Since evolutionary genetics is unable to account for the fact that a biologically more or less stable race should mentally evolve from cave-dwellers to spacemen, we can only conclude that the term "mental evolution" is more than a metaphor; and that it refers to a process in which some factors operate to which as yet we have not got a clue. All we know is that mental evolution cannot be understood either as a cumulative, linear process, or as a case of "organic growth" comparable to the maturing of the individual; and that it would perhaps be better to consider it in the light of biological evolution, of which it is a continuation.
It would indeed seem more expedient to treat the his
tory of thought in terms borrowed from biology (even if they can yield no more than analogies) than in terms of an arithmetical progression. "Intellectual progress" has, as it were, linear associations – a continuous curve, a steadily rising water level; whereas "evolution" is known to be a wasteful, fumbling process characterized by sudden mutations of unknown cause, by the slow grinding of selection, and by the dead-ends of overspecialization and rigid inadaptability. "Progress" can by definition never go wrong; evolution constantly does; and so does the evolution of ideas, including those of "exact science". New ideas are thrown up spontaneously like mutations; the vast majority of them are useless crank theories, the equivalent of biological freaks without survival-value.

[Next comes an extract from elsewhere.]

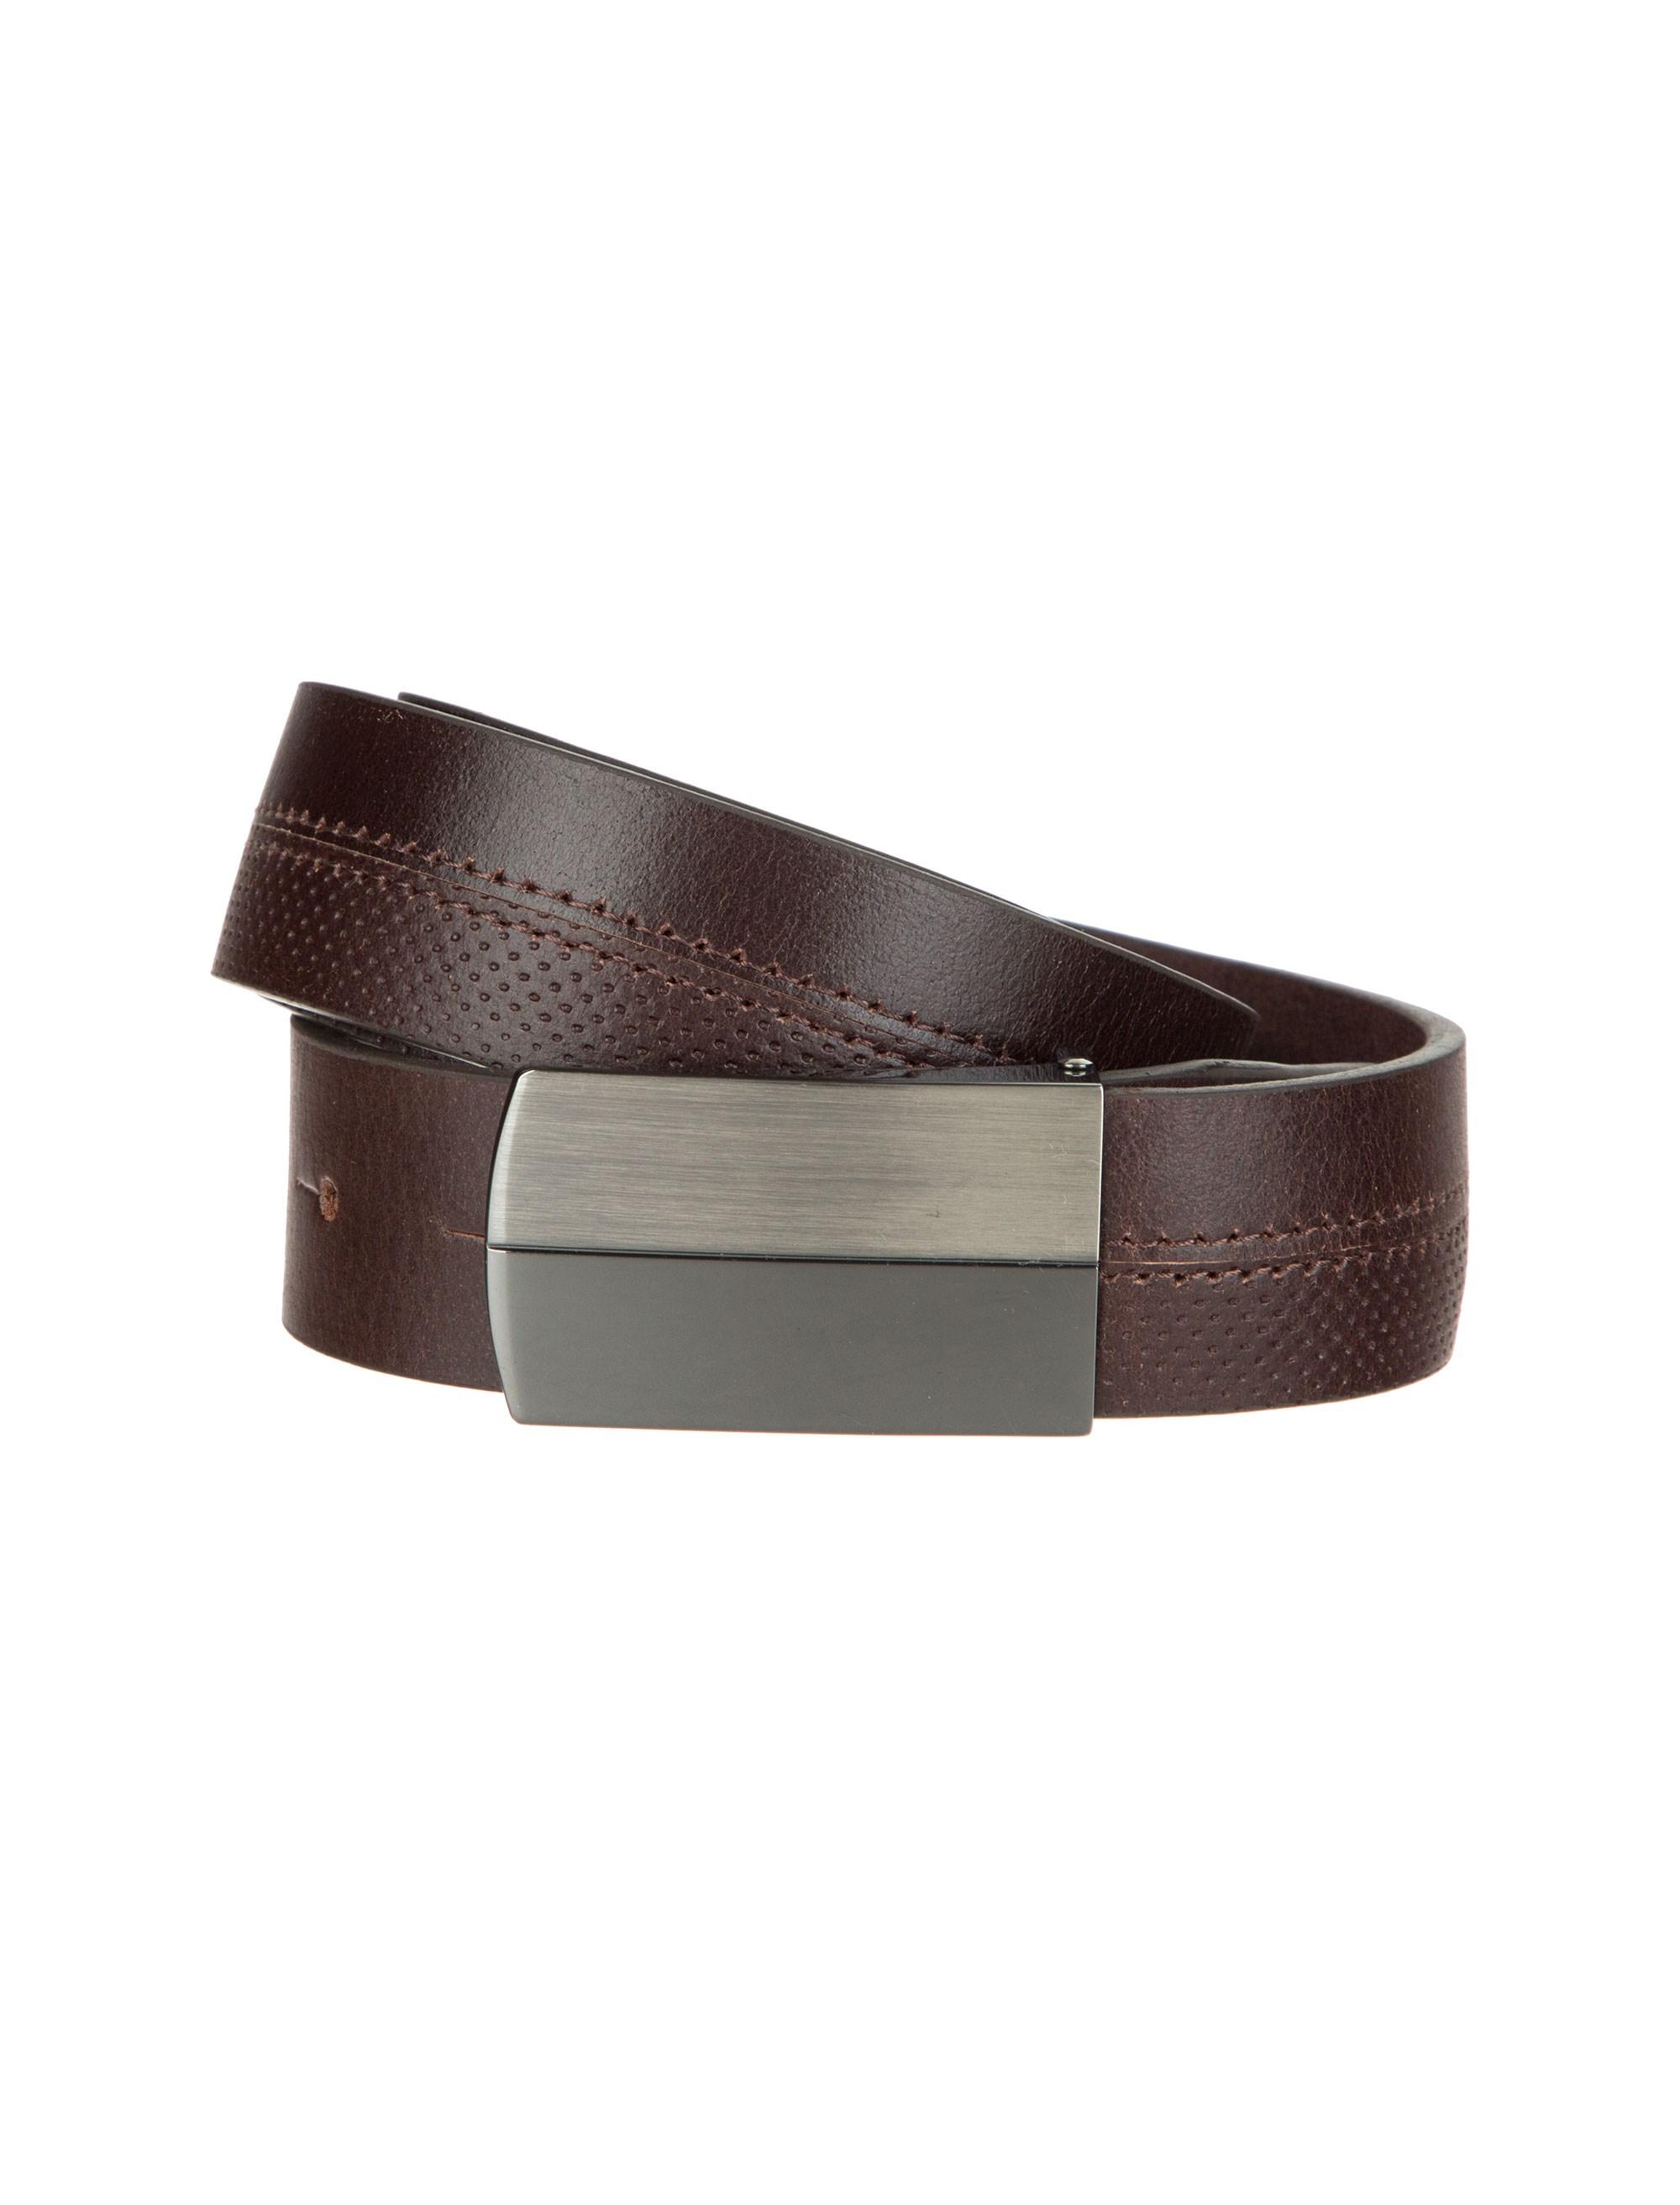 کمربند چرم سگک تخت مردانه – عالیخان  Men Leather Solid Buckle Belt – AleeKhan

There is a constant struggle for survival between competing theories in every branch of the history of thought. The process of "natural selection", too, has its equivalent in mental evolution: among the multitude of new concepts which emerge only those survive which are well adapted to the period's intellectual milieu. A new theoretical concept will live or die according to whether it can come to terms with this environment; its survival value depends on its capacity to yield results. When we call ideas "fertile" or "sterile", we are unconsciously guided by biological analogy. The struggle between the Ptolemaic, Tychonic and Copernican systems, or between the Cartesian and Newtonian views of gravity, was decided by those criteria. Moreover, we find in the history of ideas mutations which do not seem to correspond to any obvious need, and at first sight appear as mere playful whimsies – such as Appollonius' work on conic sections, or the non-Euclidian geometries, whose practical value became apparent only later. Conversely, there are organs which have lost their purpose and are yet carried over as an evolutionary legacy: modern science is full of appendices and rudimentary monkey-tails.